Sullivan, on the other hand, does not adequately account for the reality of faith within the polity. Like Rawls, he tries to eject the initial premises while accepting anything reasoned out from those premises, and only as long as it is framed in terms of civic politics. Unfortunately, even though liberal civil society is notoriously unskilled at handling such arguments, it must: failing to do so means shutting out a crucial voice. By forcing religious discourse to abandon its unreasoned premises, Sullivan would strip its argumentative force. Prohibiting this religious voice from speaking on its own terms, and requiring a civic "translation," removes some of the truths behind its argument, truths that are not fully expressible in the terms of civic public discourse. Even if they are not admitted full-blown, religiously based arguments must be heard and reckoned with on their own terms, or else discourse becomes deficient.
If both these core arguments are taken seriously and heard on their own terms, then a dialogue can be fully engaged. Unfortunately, this dialogue can be incendiary. For Grenz, the stakes are no less than faith in God's telos for Creation. Even if one does not buy his theological arguments, however, his position still rests on a powerful foundational principle: the natural order, and how we as humans complete our quests for meaning. Sullivan, likewise, raises his stakes ultimately: by placing the capacity to love at the irreducible core of humanity and making homosexuality constitutive of some individuals, he raises the prospect of human flourishing.
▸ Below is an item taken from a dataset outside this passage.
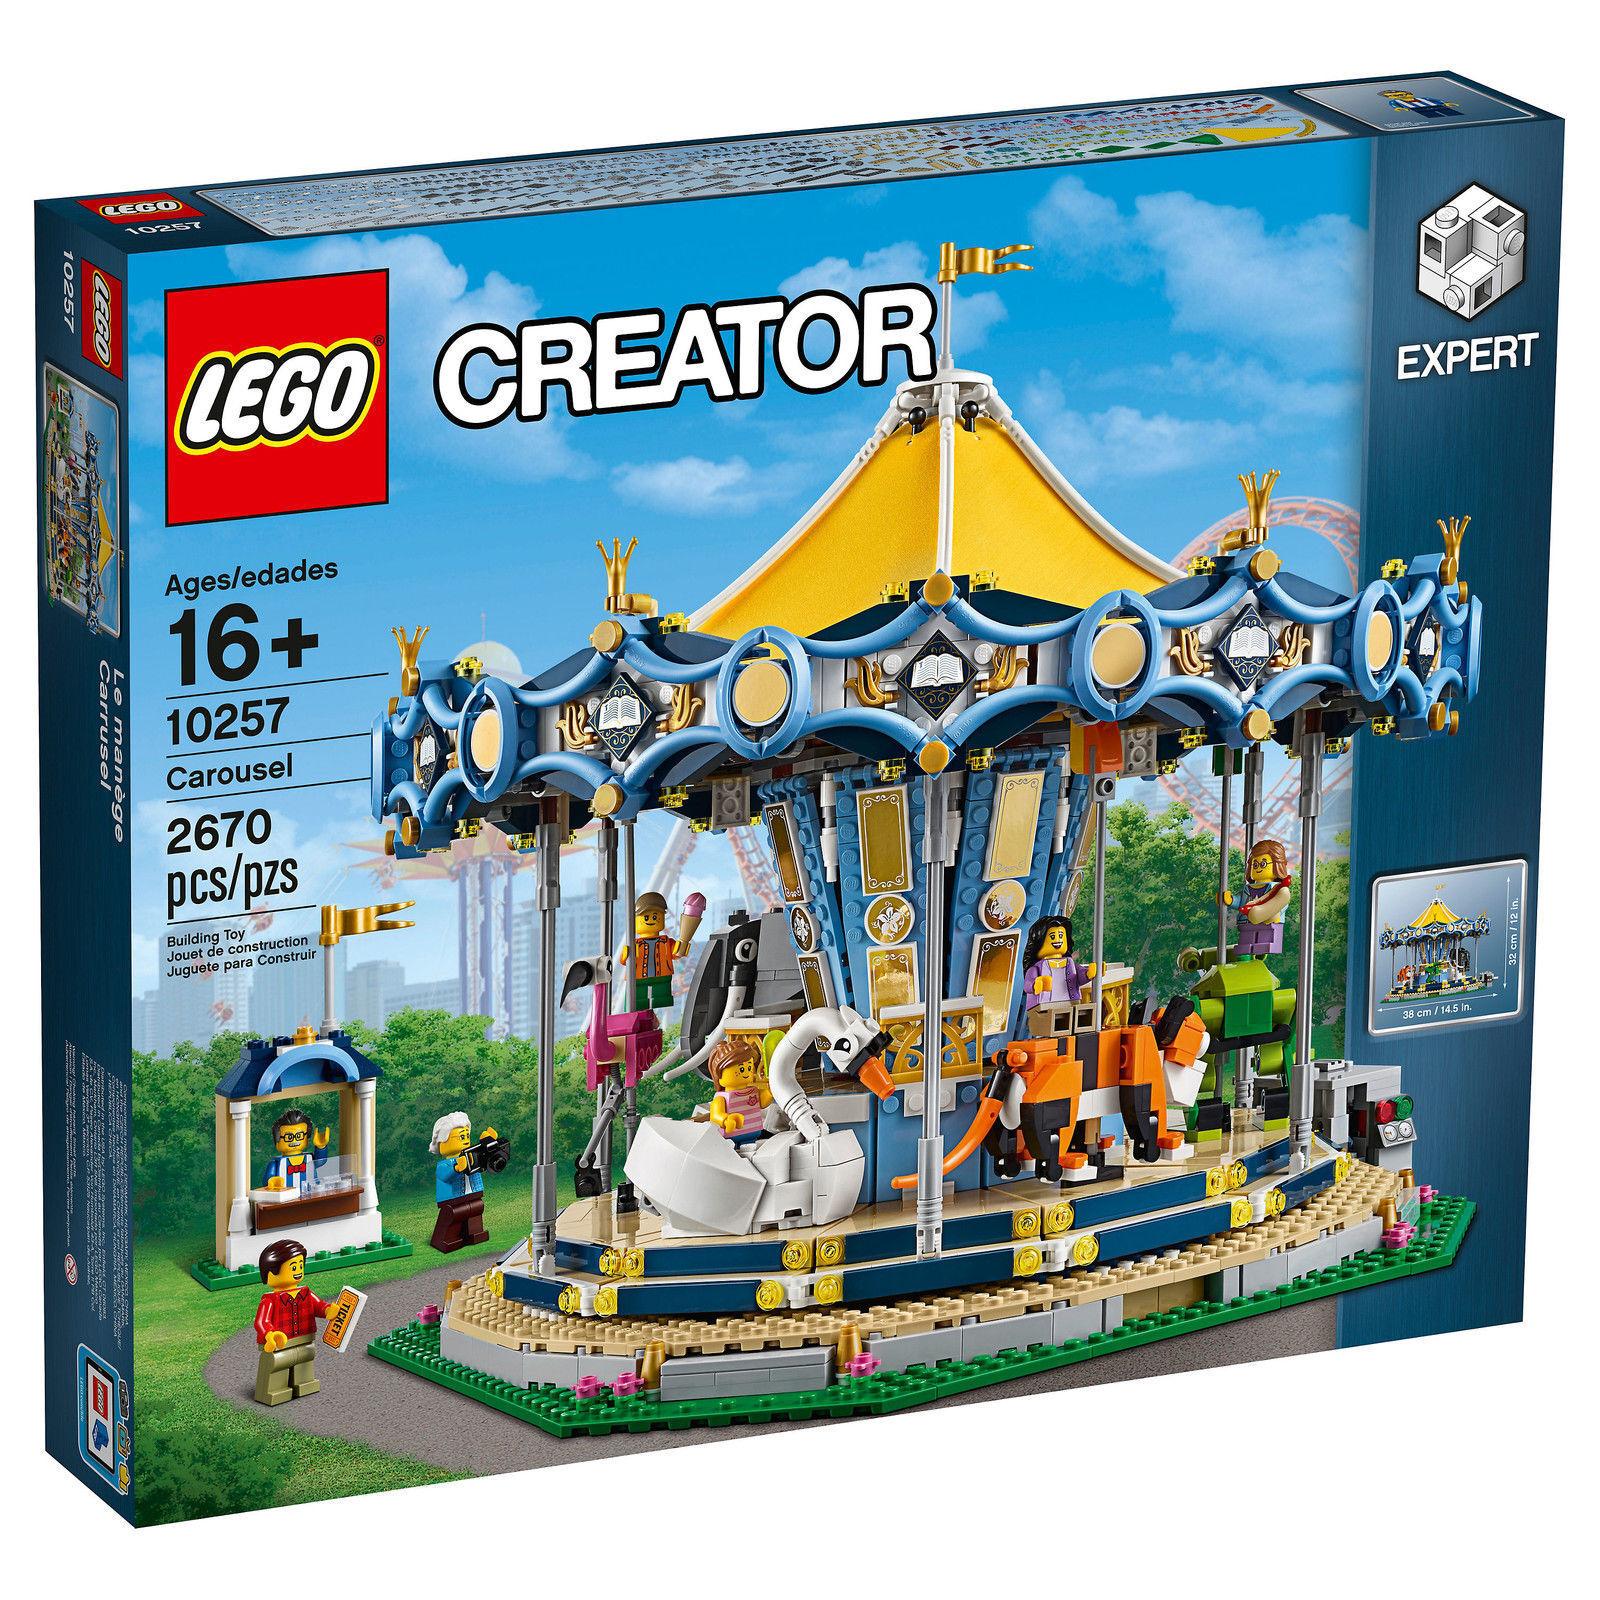 LEGO Creator Carousel 2017 (10257) BNIB - LEGO SUPPLIER - FREE SHIPPING

If his arguments are not dealt with honestly, one runs the risk of treating an entire class of people, in a very real way, as less than human.
Failing to take into account the whispers of the heart produces a sham discourse that is unhelpful, if not counterproductive. Taking those whispers into account gives rise to a volatile discourse with no clear, easy answers, and ultimate stakes. These two authors illustrate the challenge of dealing with this issue and demonstrate how important it is to meet it, but both fall short of fully engaging it. It is not an appealing situation at all, but once the challenge is clear, there is hope that some groups of people will at least take an honest shot at besting it.